Views on early access vary considerably among EU member states as there are economic concerns especially for those where full reimbursement of treatments is foreseen. That is why, when it comes to HTA, they favour closer cooperation but wish to keep the final assessment on the added value strictly on a national level and oppose any efforts towards a single European HTA. In the meantime, the European Commission has announced that it will conduct a study to compare how member states implement the various early-access schemes-they want to make sure that there is no market distortion, referring to off-label use. The role of patient associations in this debate cannot be overlooked. They are often encouraged by pharmaceutical companies to put pressure on governments to demand early access to treatments as is the case with the seemingly private Dutch initiative presented via mytomorrows.com which is heavily propagated in the Council by the Netherlands.
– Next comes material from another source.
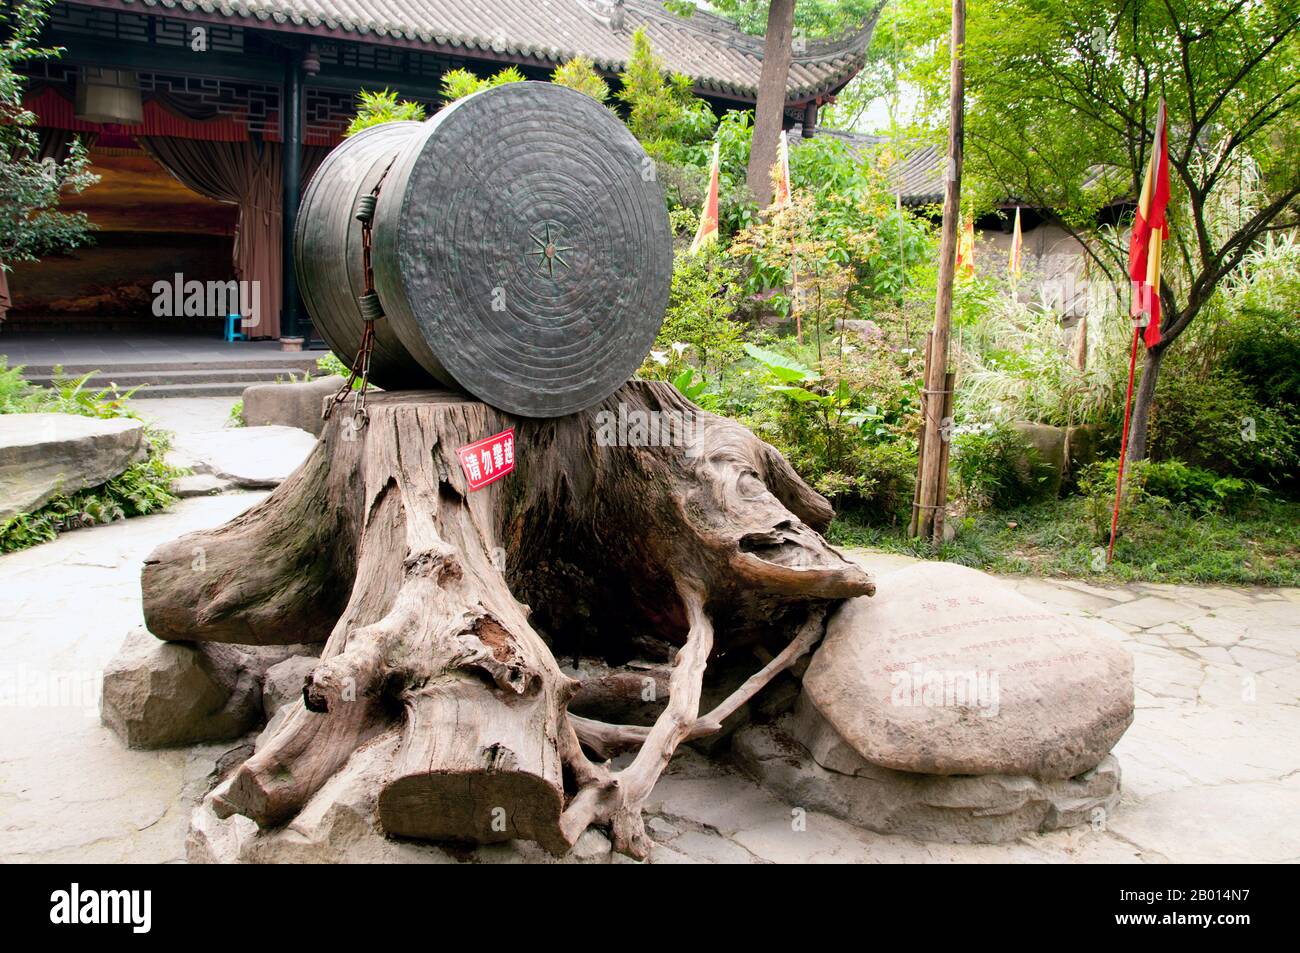 China: Seltene Bronzetrommel, Wuhou CI (Wuhou Ancestral oder Gedenkhalle), Chengdu, Provinz Sichuan. Wuhou CI ist Zhuge Liang, dem Helden des Klassikers „die Romantik der drei Königreiche“, und seinem Kaiser Liu bei gewidmet. Zhuge Liang (181–234) war Kanzler von Shu Han während der Zeit der drei Königreiche der chinesischen Geschichte. Er wird oft als der größte und versierteste Stratege seiner Zeit anerkannt. Chengdu, früher bekannt als Chengtu, ist die Hauptstadt der Provinz Sichuan im Südwesten Chinas. Stockfoto

There may be no new attention-grabbing legislation coming up but all of these initiatives and pilot projects need to be closely monitored as they influence ongoing debate and most importantly future legislation. On the whole, should pharma’s strategy be successful, it will result in an ever closer incestuous cooperation between the regulator and the regulated where any independent scrutiny of new medicines and their prices could be seriously weakened.